[[ DATA SECTION open ]]

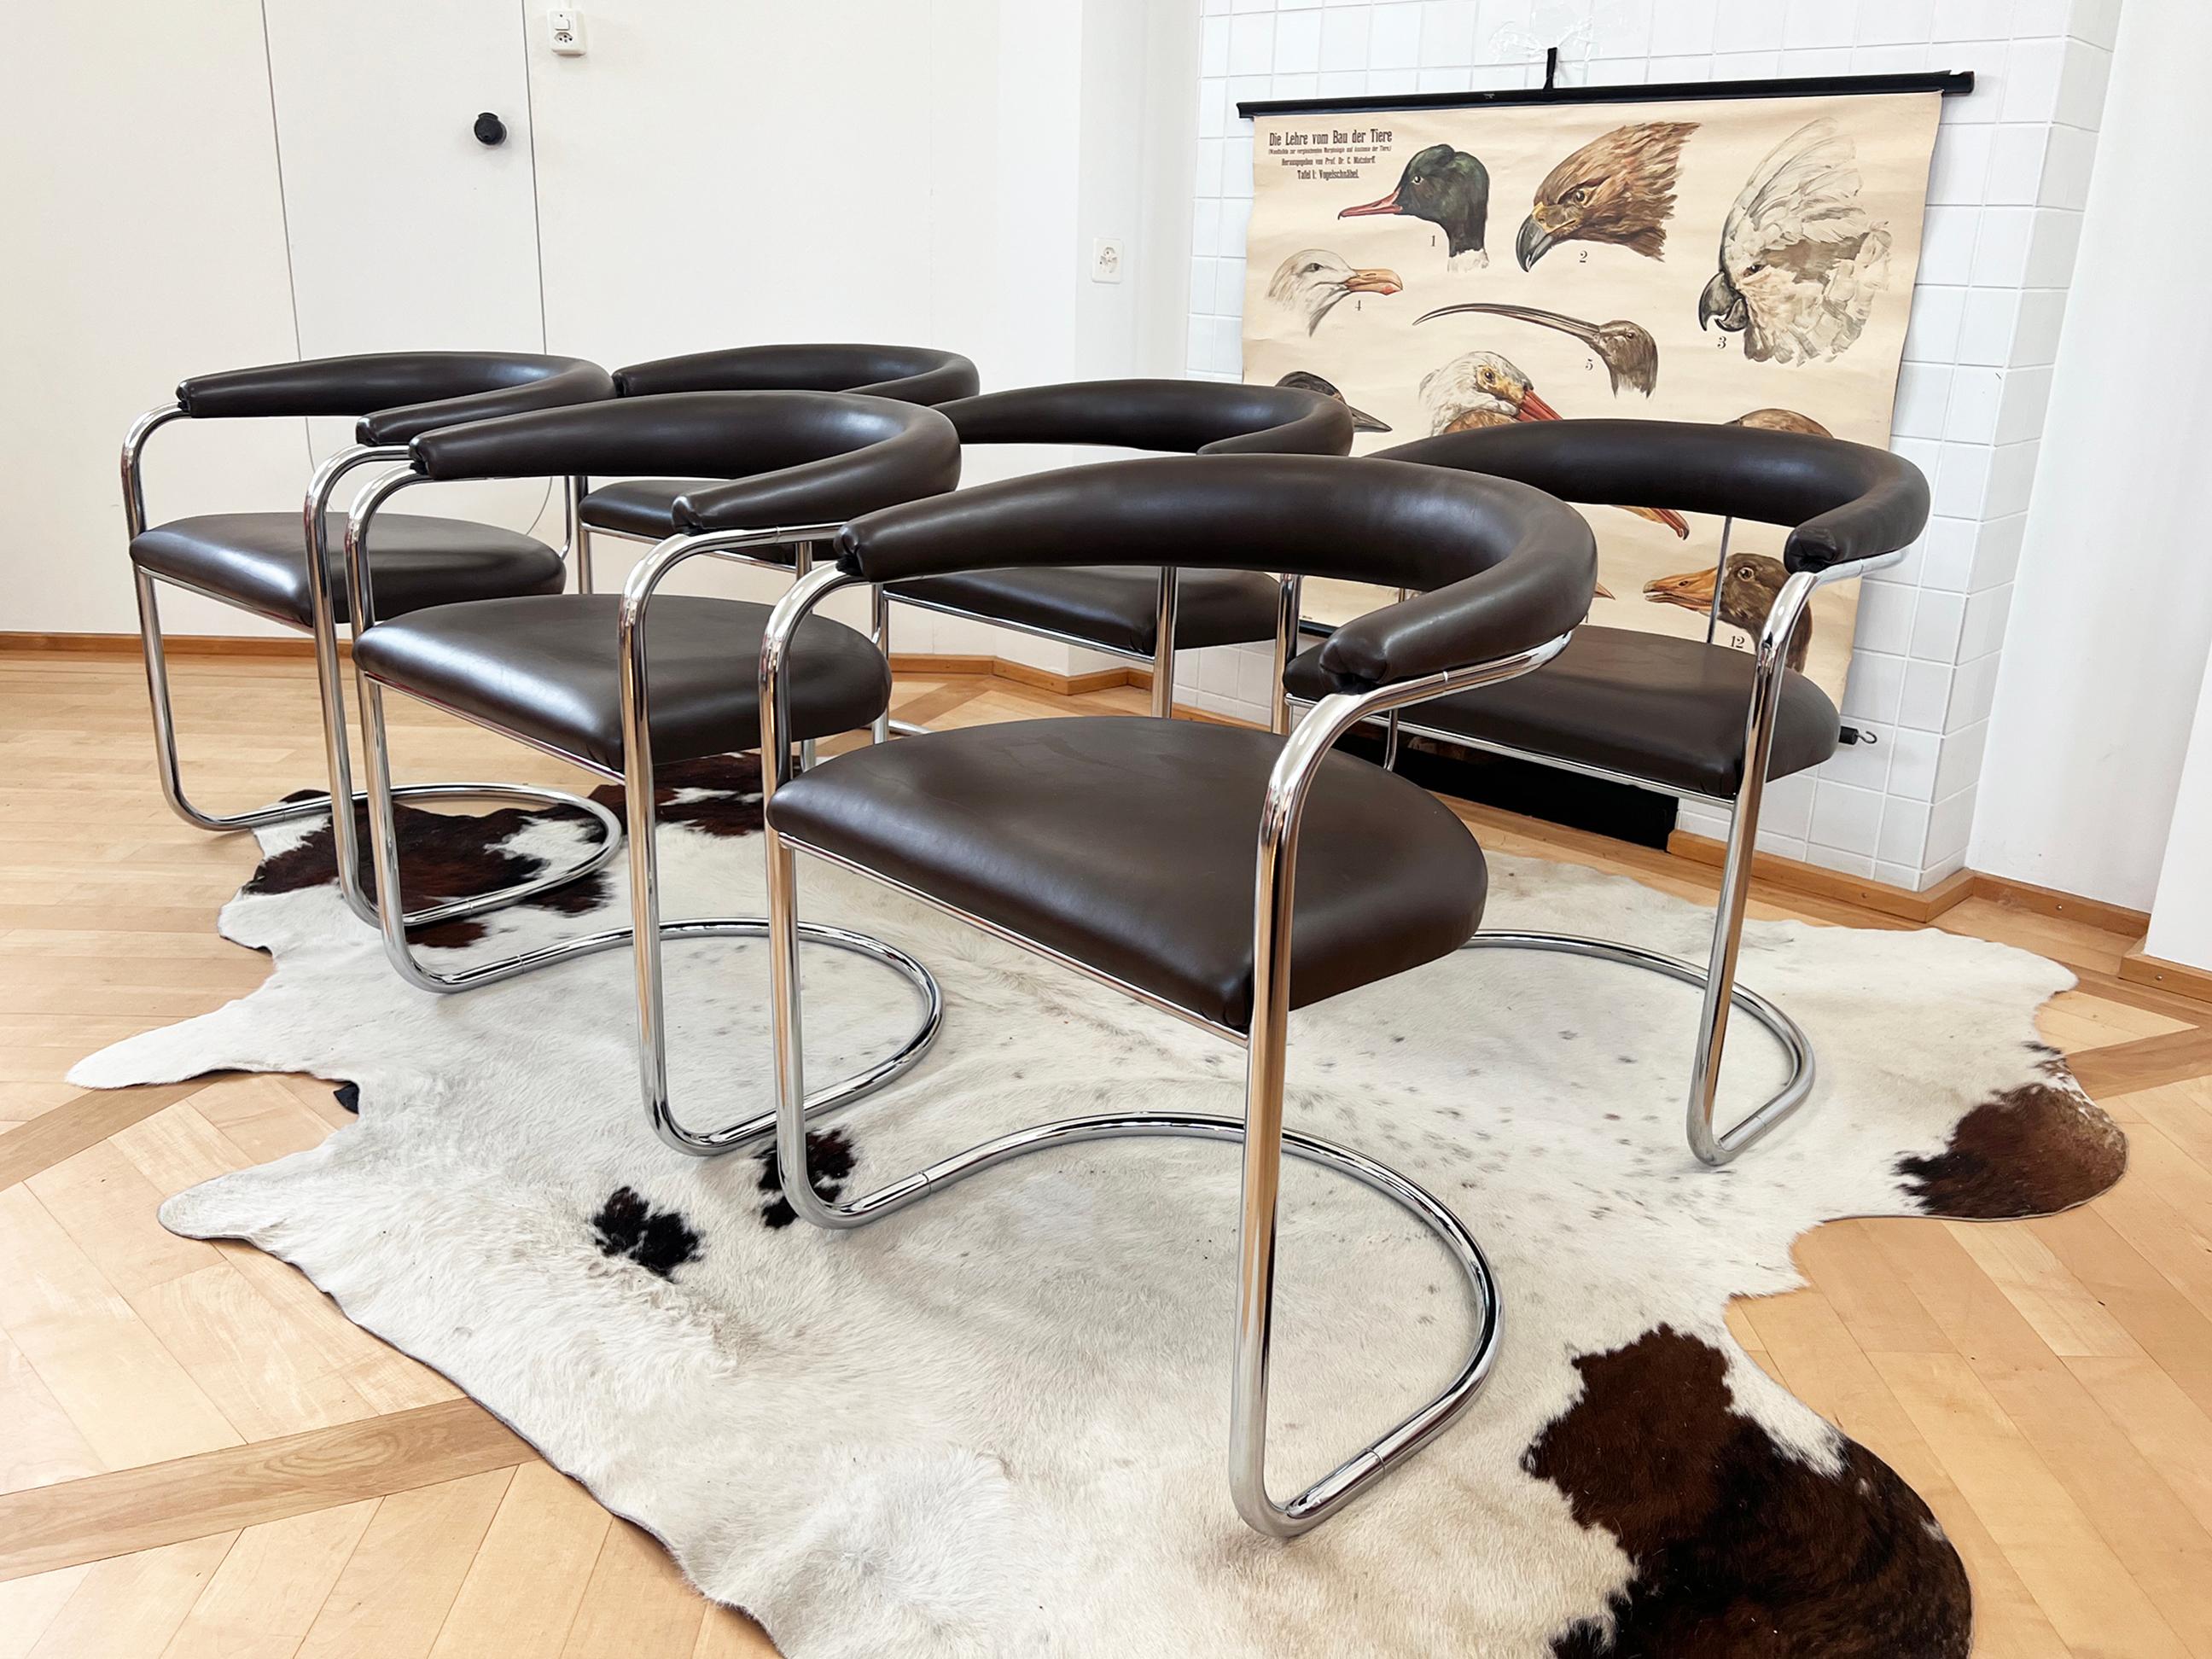 Stunning Anton Lorenz for Thonet Cantilevered Armchairs, set of 6
They feature very dark brown upholstered backrests and seats with polished chrome tubular frames. All are in superb condition throughout.

The chairs were acquired by a collector in

[[ DATA SECTION closed ]]

Leave out the pictures; repeat the data exactly.

 Stunning Anton Lorenz for Thonet Cantilevered Armchairs, set of 6
They feature very dark brown upholstered backrests and seats with polished chrome tubular frames. All are in superb condition throughout.

The chairs were acquired by a collector in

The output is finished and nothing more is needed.